### PROBLEM
Please copy the records below word for word, leaving out the pictures.
::::::
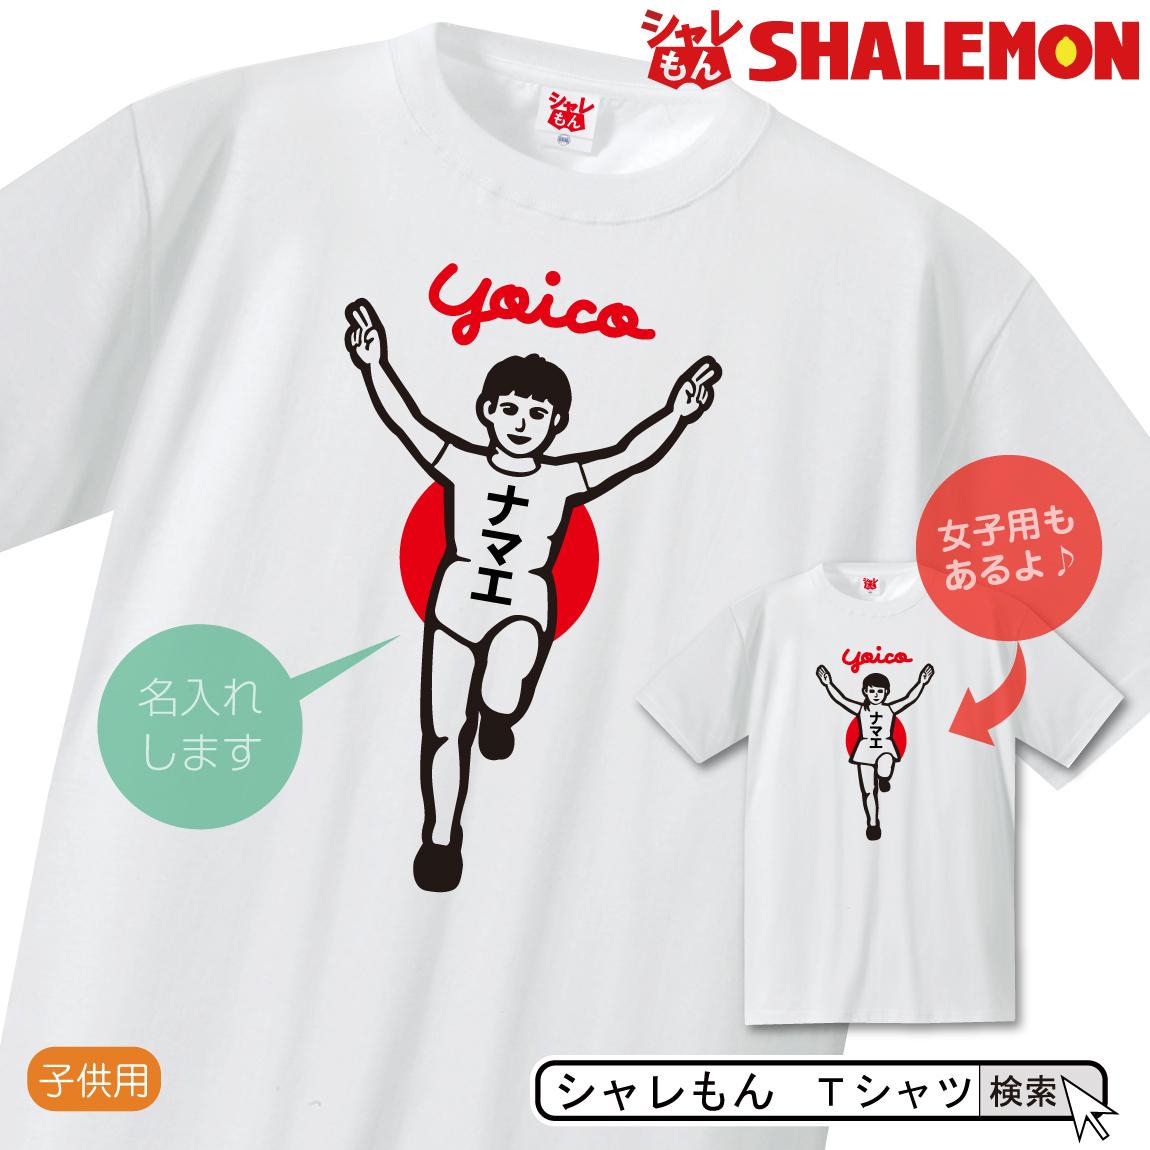 b3343bad6c1a6 名入れ tシャツ ランナー風  バンザイ 男子・女子 おもしろ tシャツ 子供
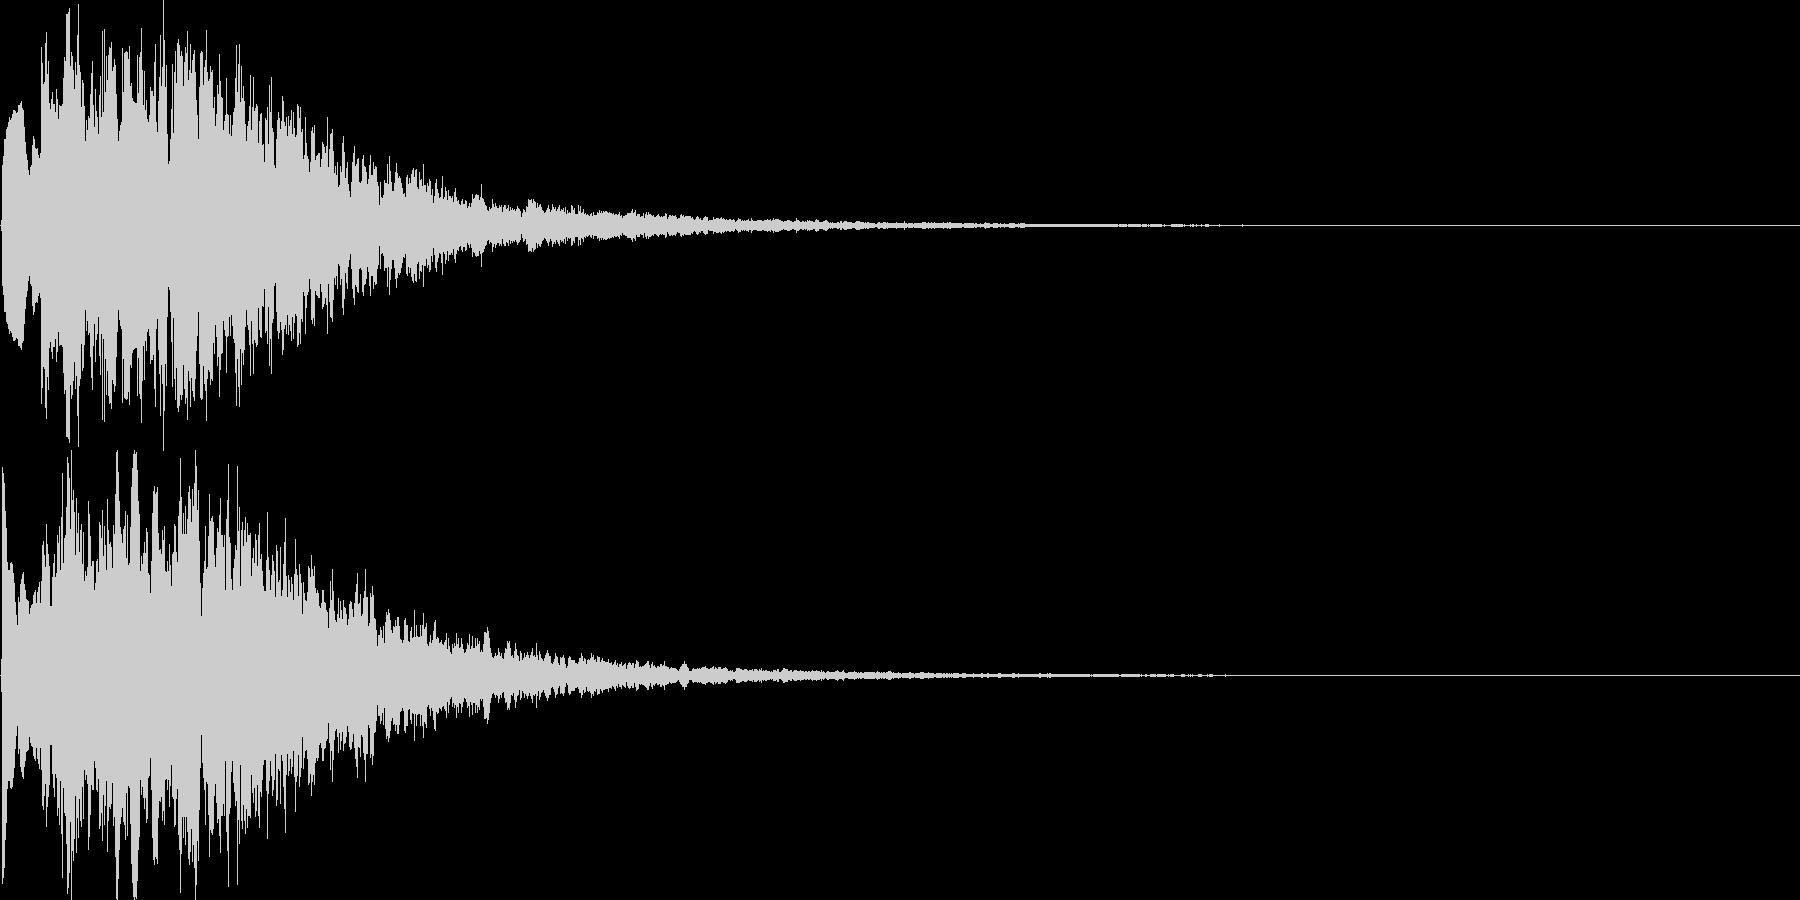 キラキラ(決定音、ゲーム、アプリに)の未再生の波形
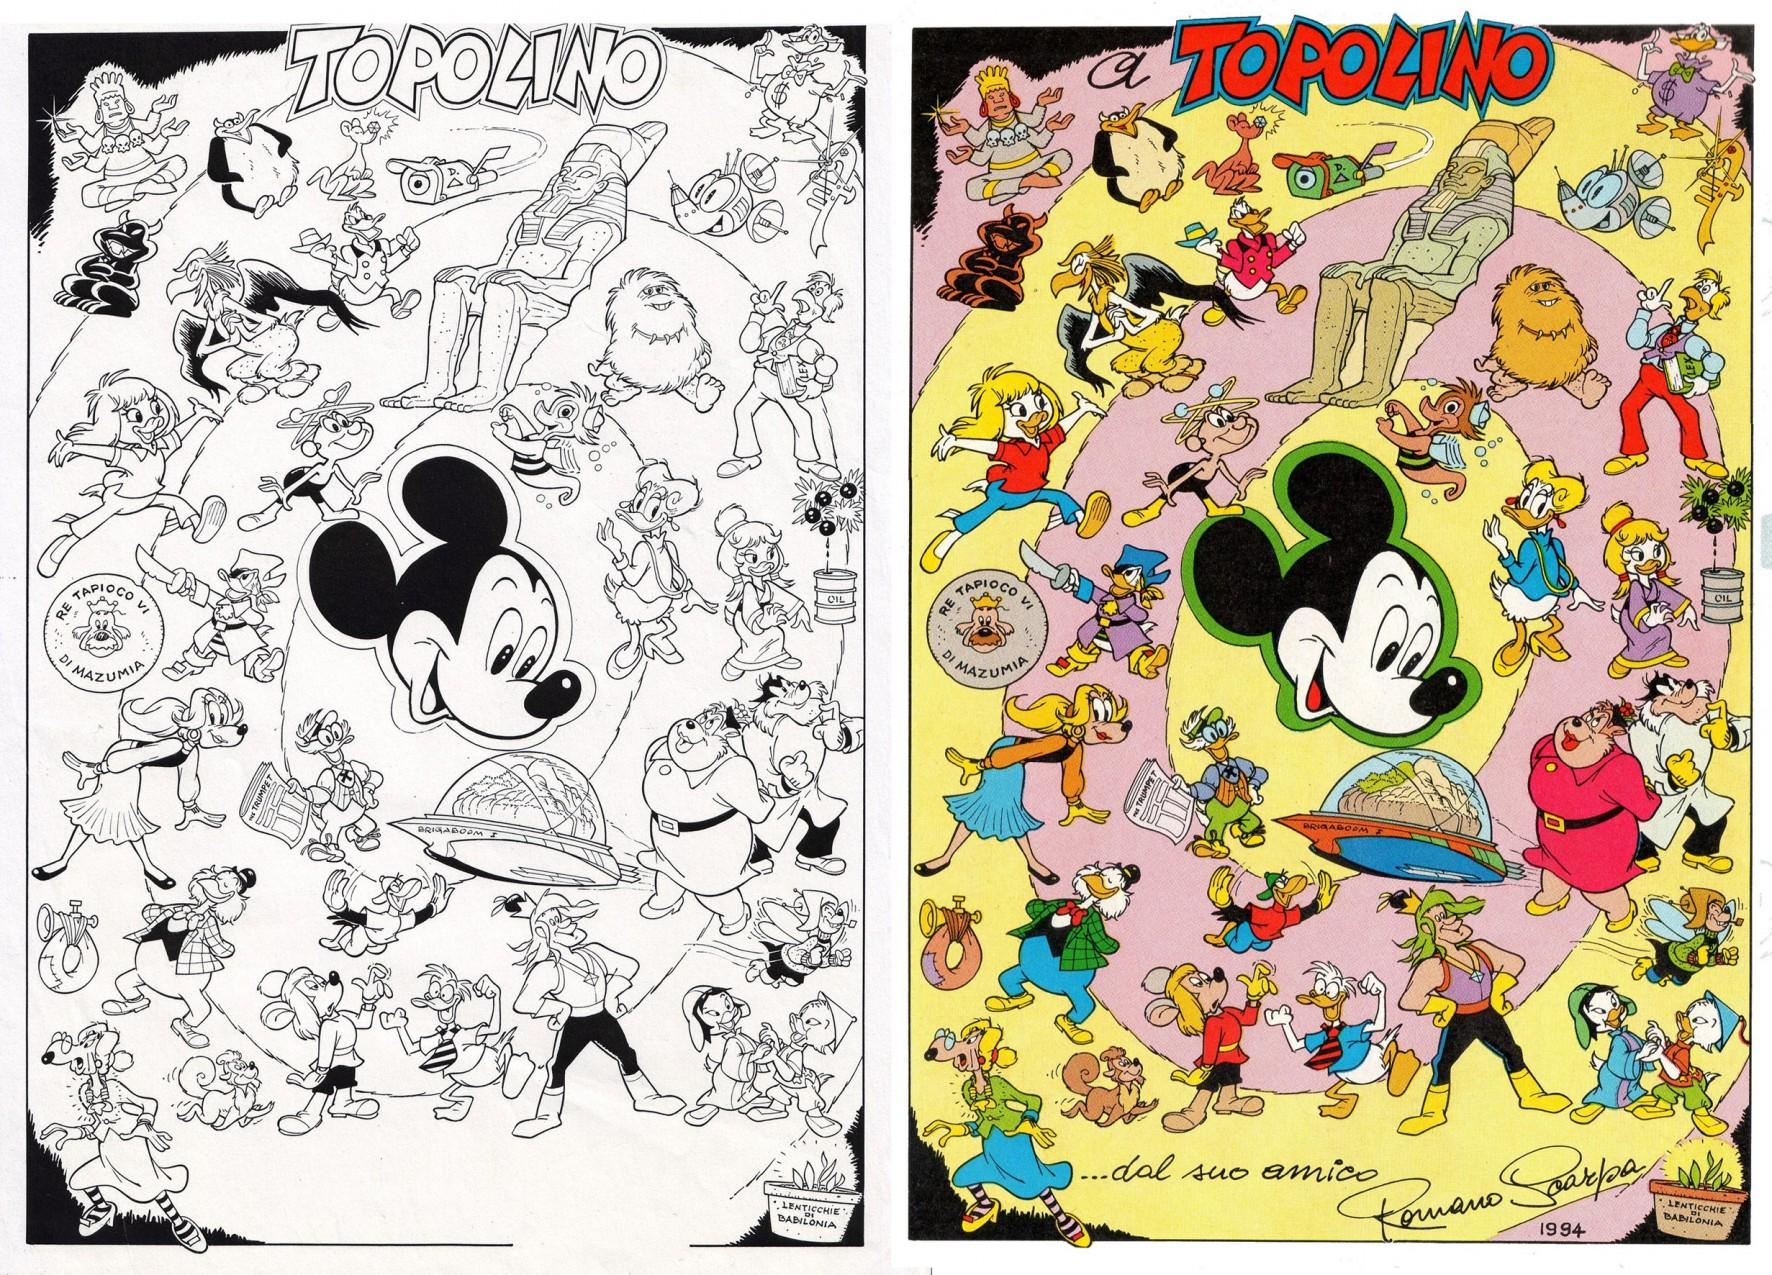 Topolino n. 2000 - Tutti i personaggi di Scarpa - - pagina pubblicata e originale a confronto
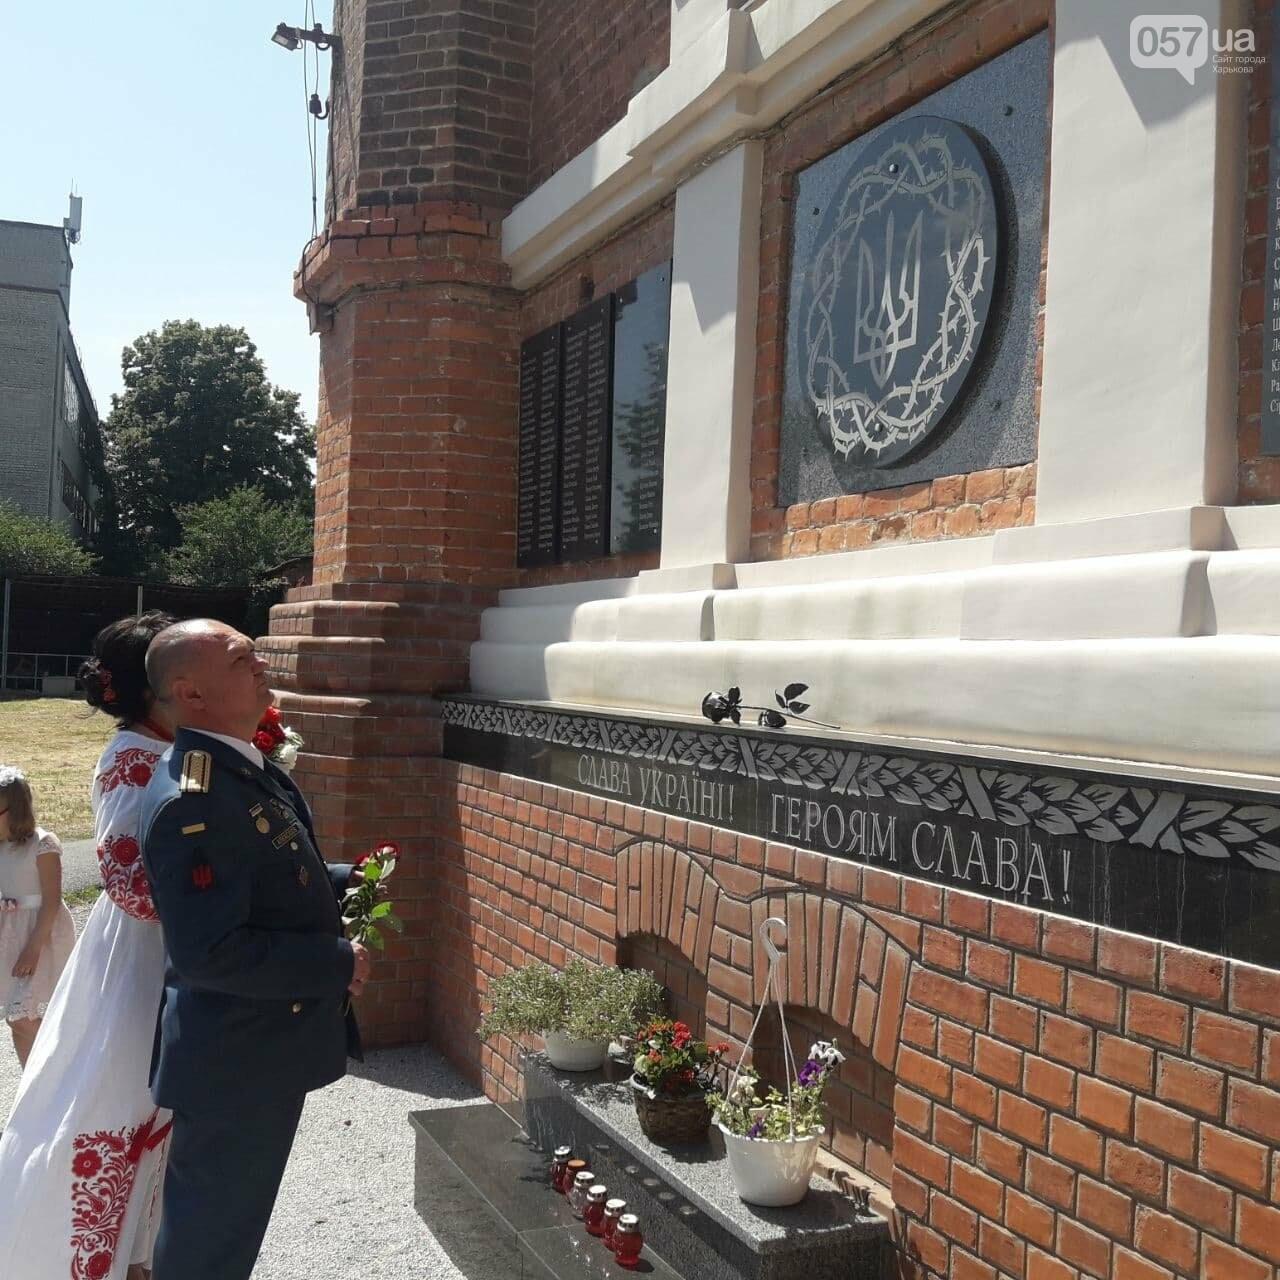 Гарнизоны, война и любовь: в Харькове «Киборг», оборонявший Донецкий аэропорт, обвенчался с супругой после 25 лет брака, - ФОТО, фото-14
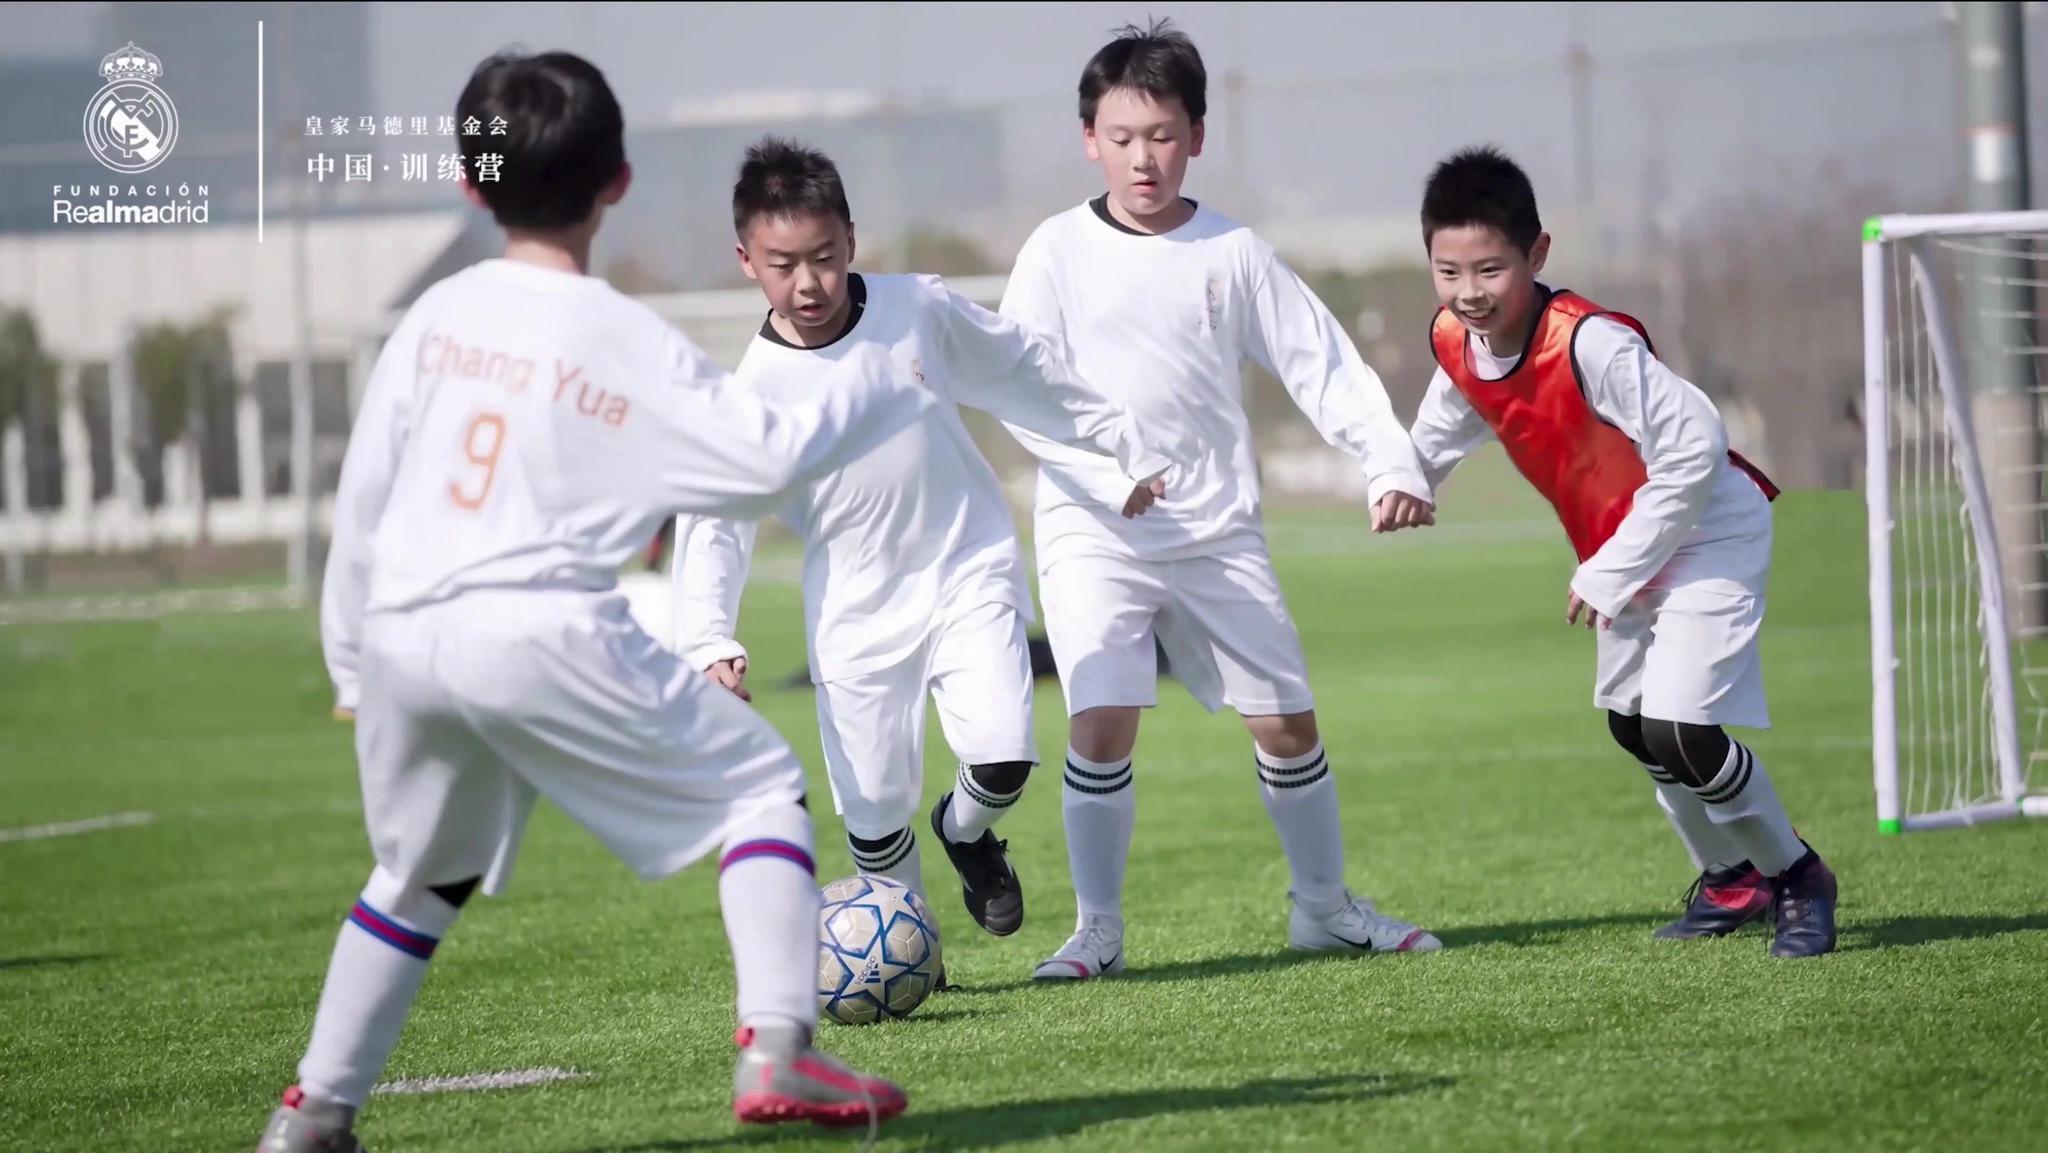 国际足球 换一个角度看足球——专访西班牙名宿卡西利亚斯
::::::
### SOLUTION FOR THIS EXERCISE
 b3343bad6c1a6 名入れ tシャツ ランナー風  バンザイ 男子・女子 おもしろ tシャツ 子供
 キラキラ(決定音、ゲーム、アプリに)の未再生の波形
 Topolino n. 2000 - Tutti i personaggi di Scarpa - - pagina pubblicata e originale a confronto
 Гарнизоны, война и любовь: в Харькове «Киборг», оборонявший Донецкий аэропорт, обвенчался с супругой после 25 лет брака, - ФОТО, фото-14
 国际足球 换一个角度看足球——专访西班牙名宿卡西利亚斯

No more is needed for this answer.